### RAW DATA
____

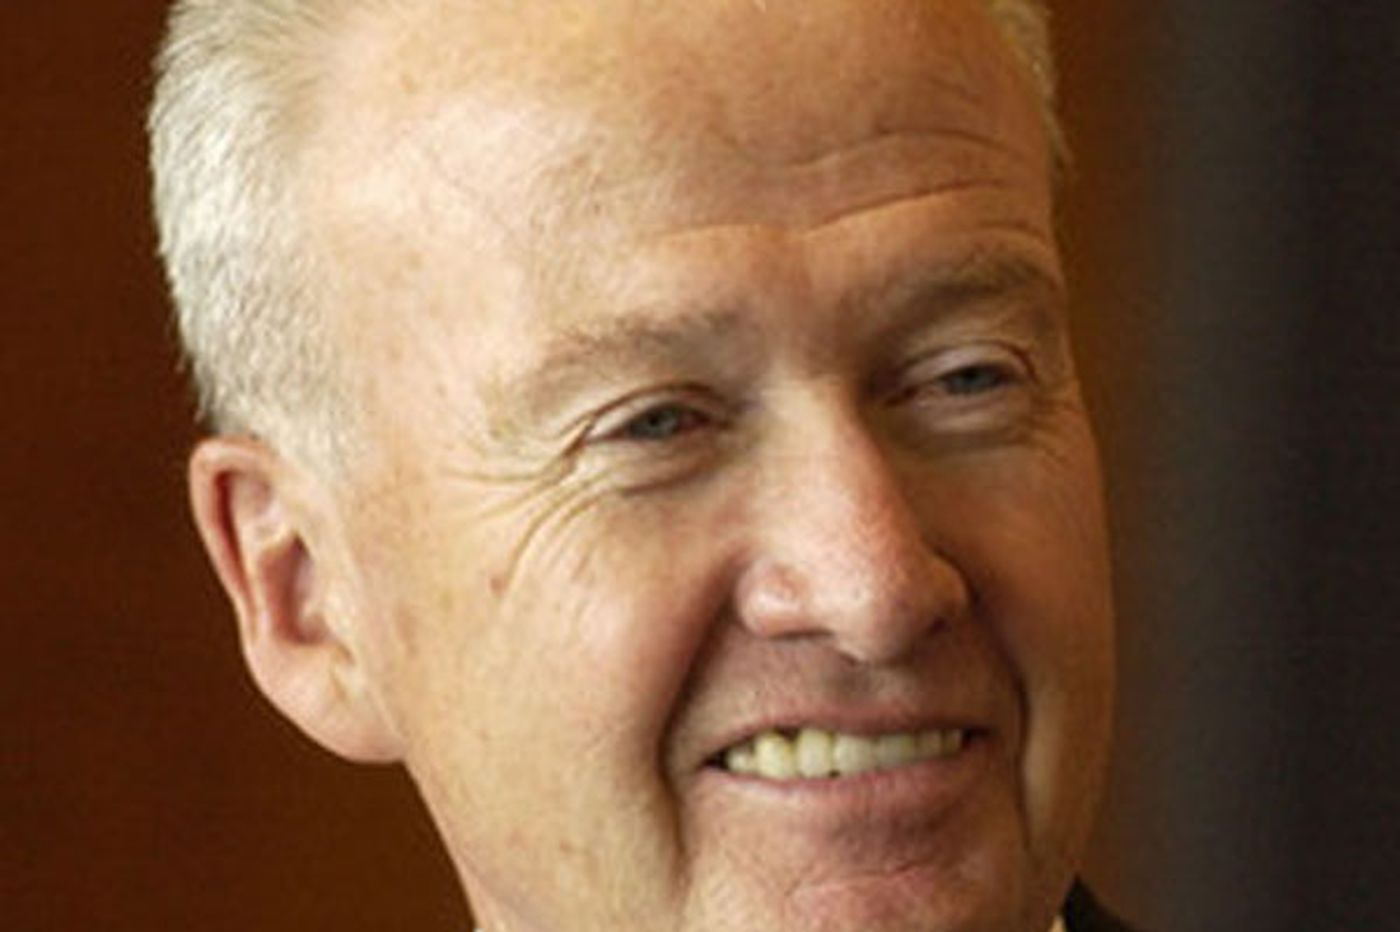 Former Sunoco exec to fund $2.5M Villanova engineering lab
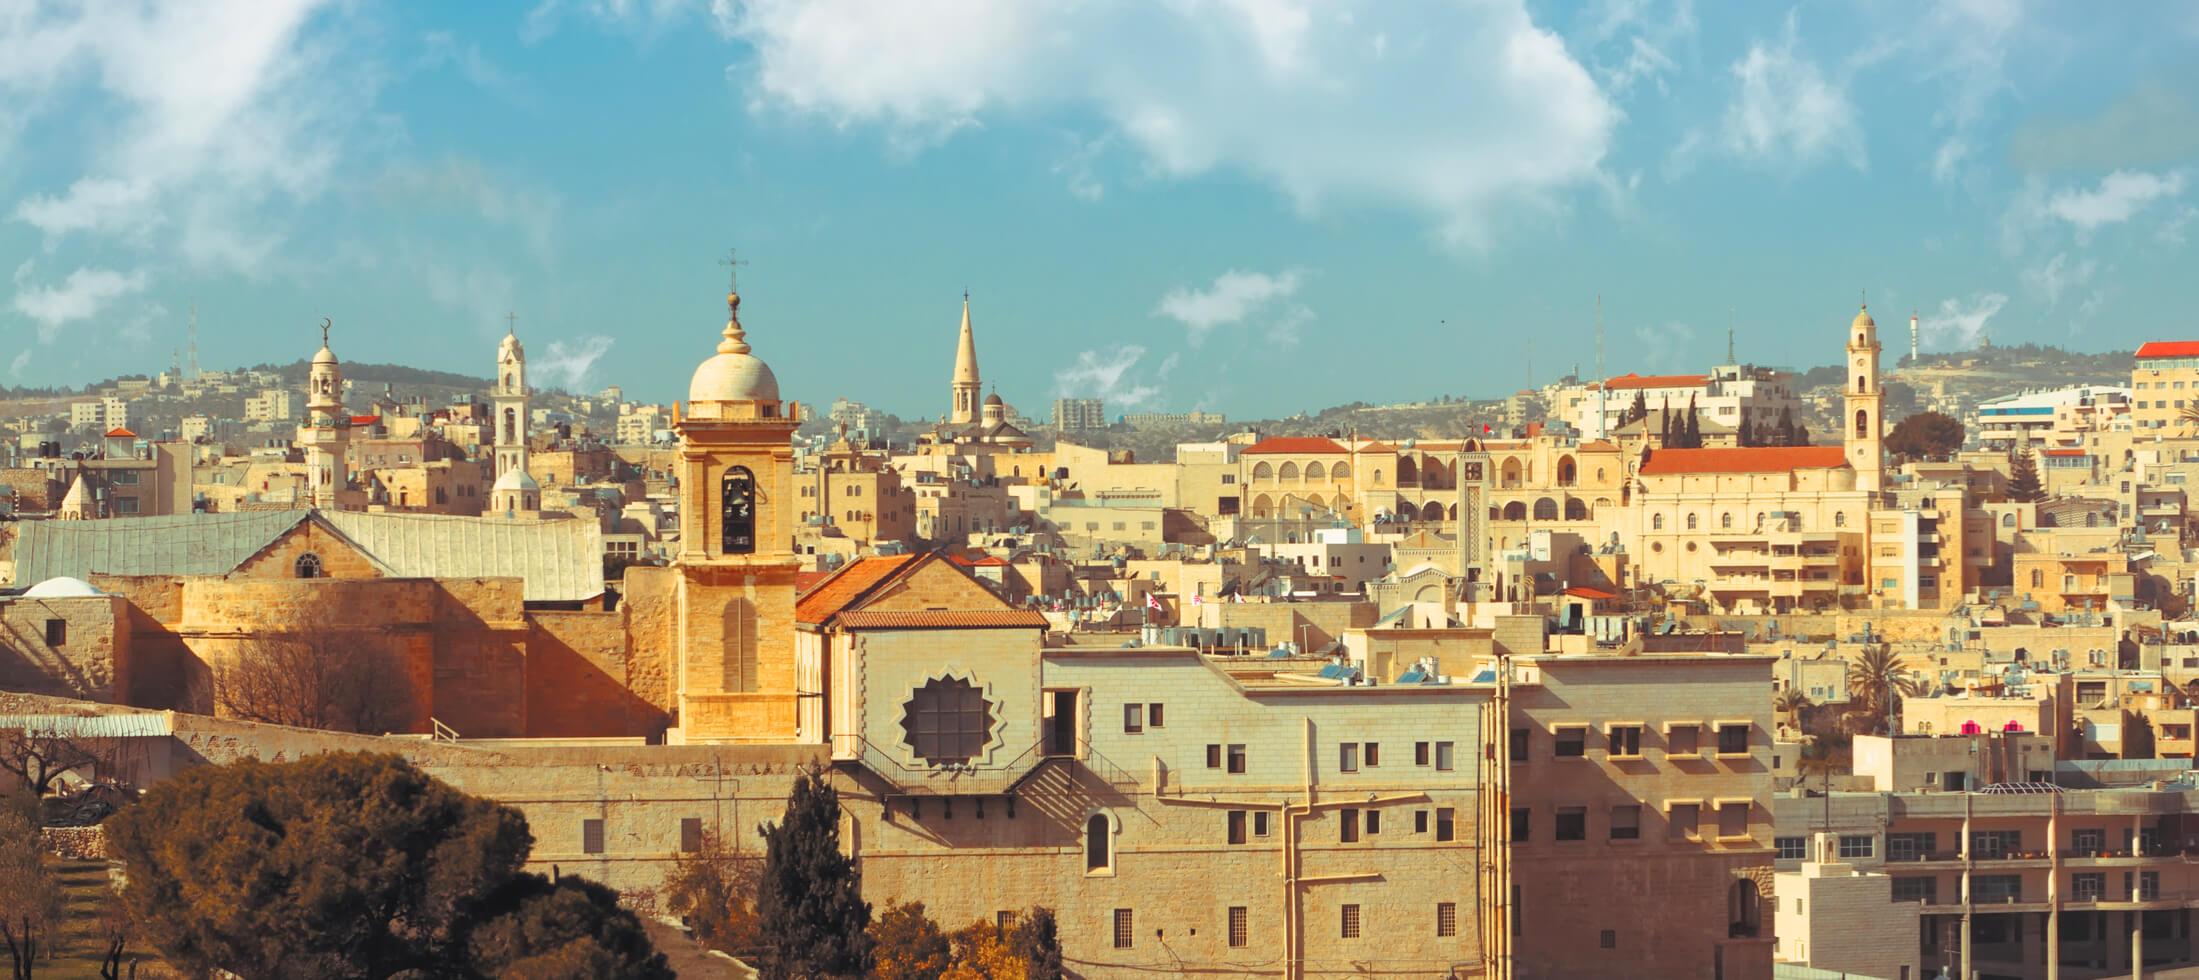 Bethlehem OId City
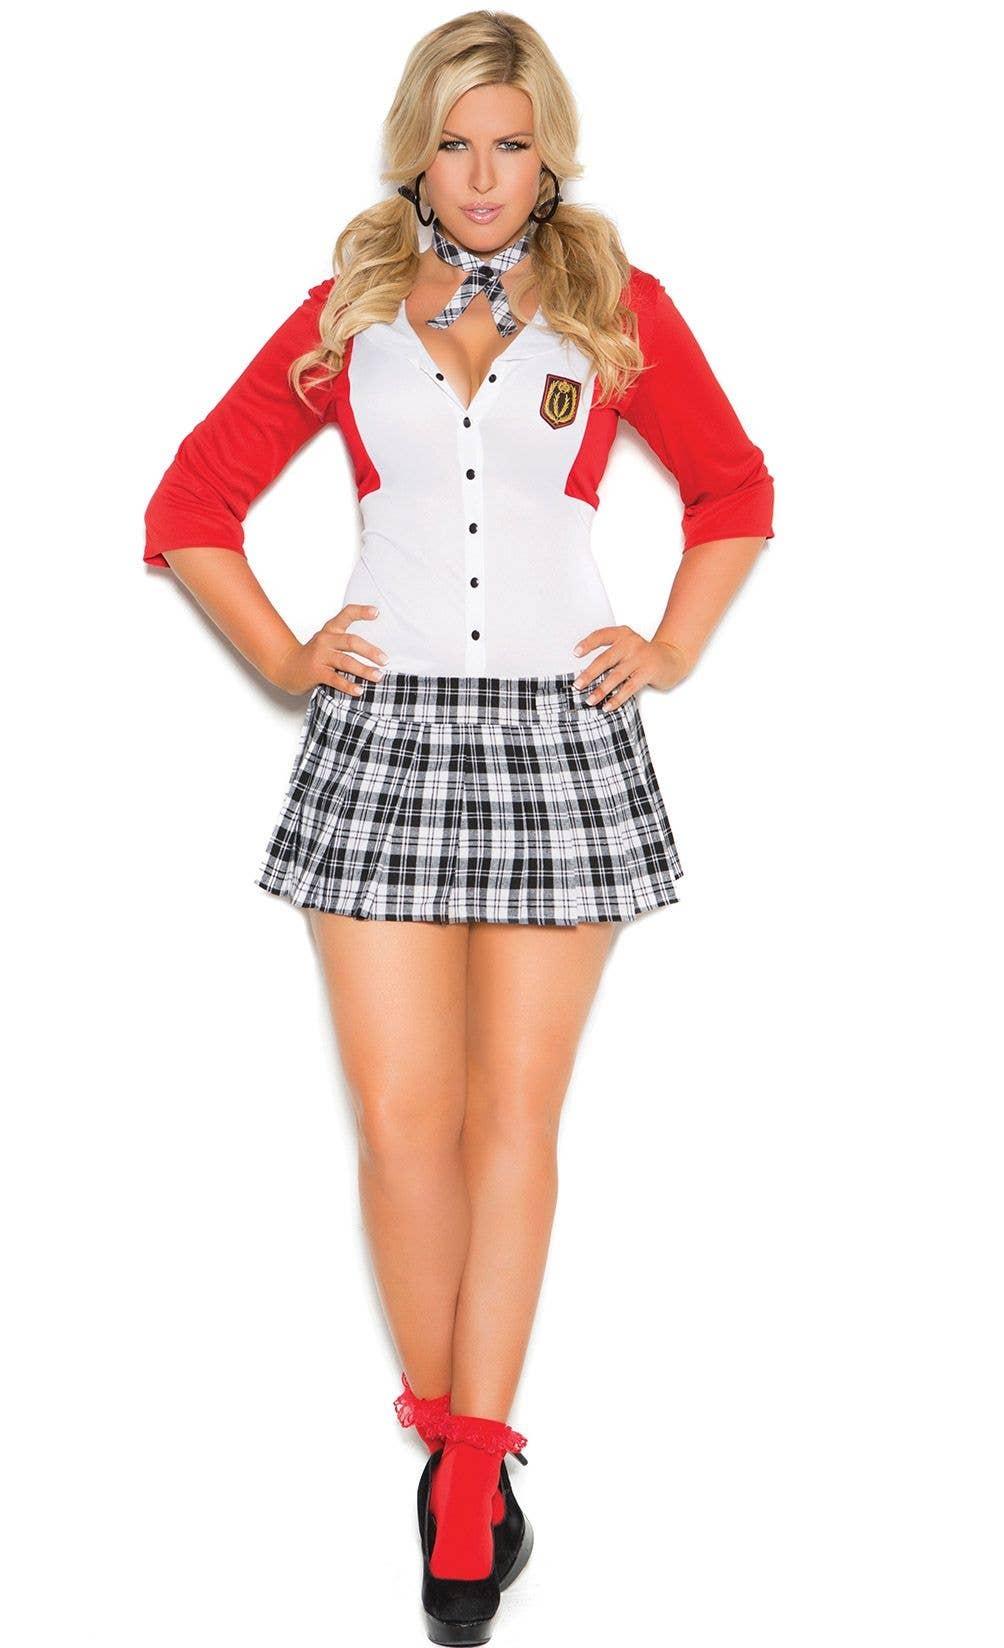 Ladies School Girl Red Tartan Skirt OTK Socks Tie World Book Day Fancy Dress
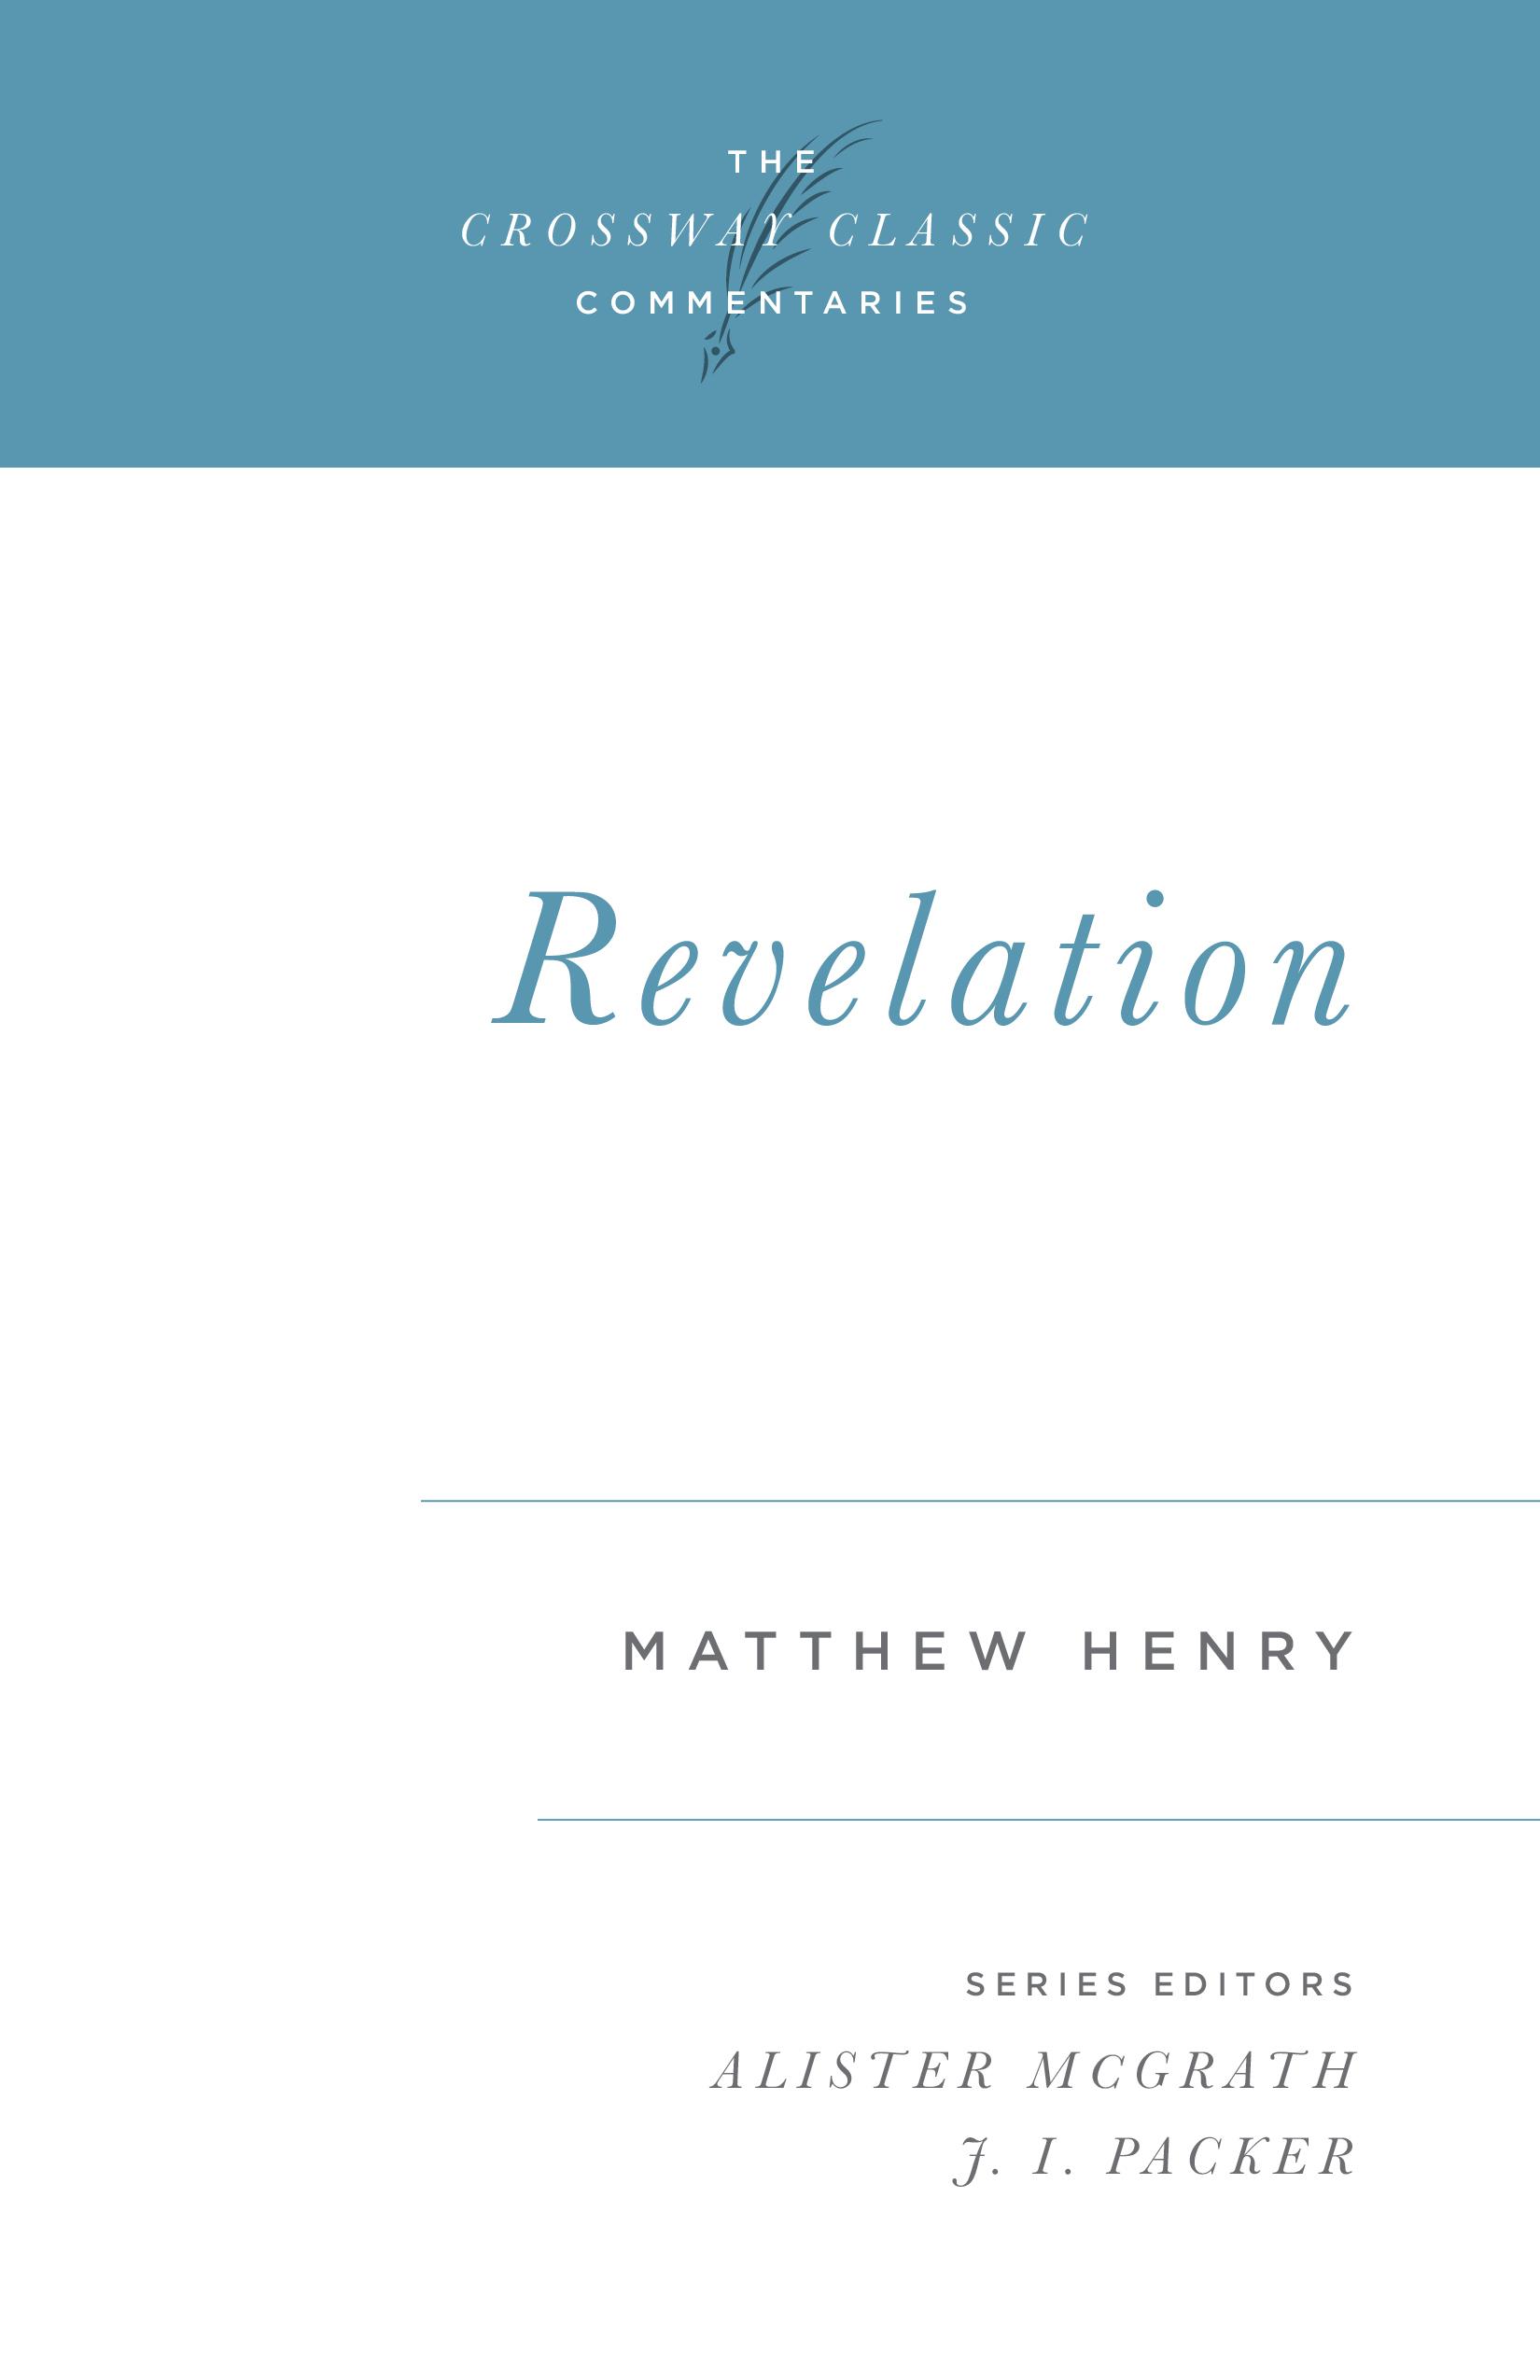 Crossway Classic Commentary - Revelation

____

Transcribe exactly the span of lines from the line holding "Bethlehem OId City" through the last line above, both included. Pictures stay out.

### ANSWER TO THIS TASK
 Bethlehem OId City
 Ladies School Girl Red Tartan Skirt OTK Socks Tie World Book Day Fancy Dress
 Crossway Classic Commentary - Revelation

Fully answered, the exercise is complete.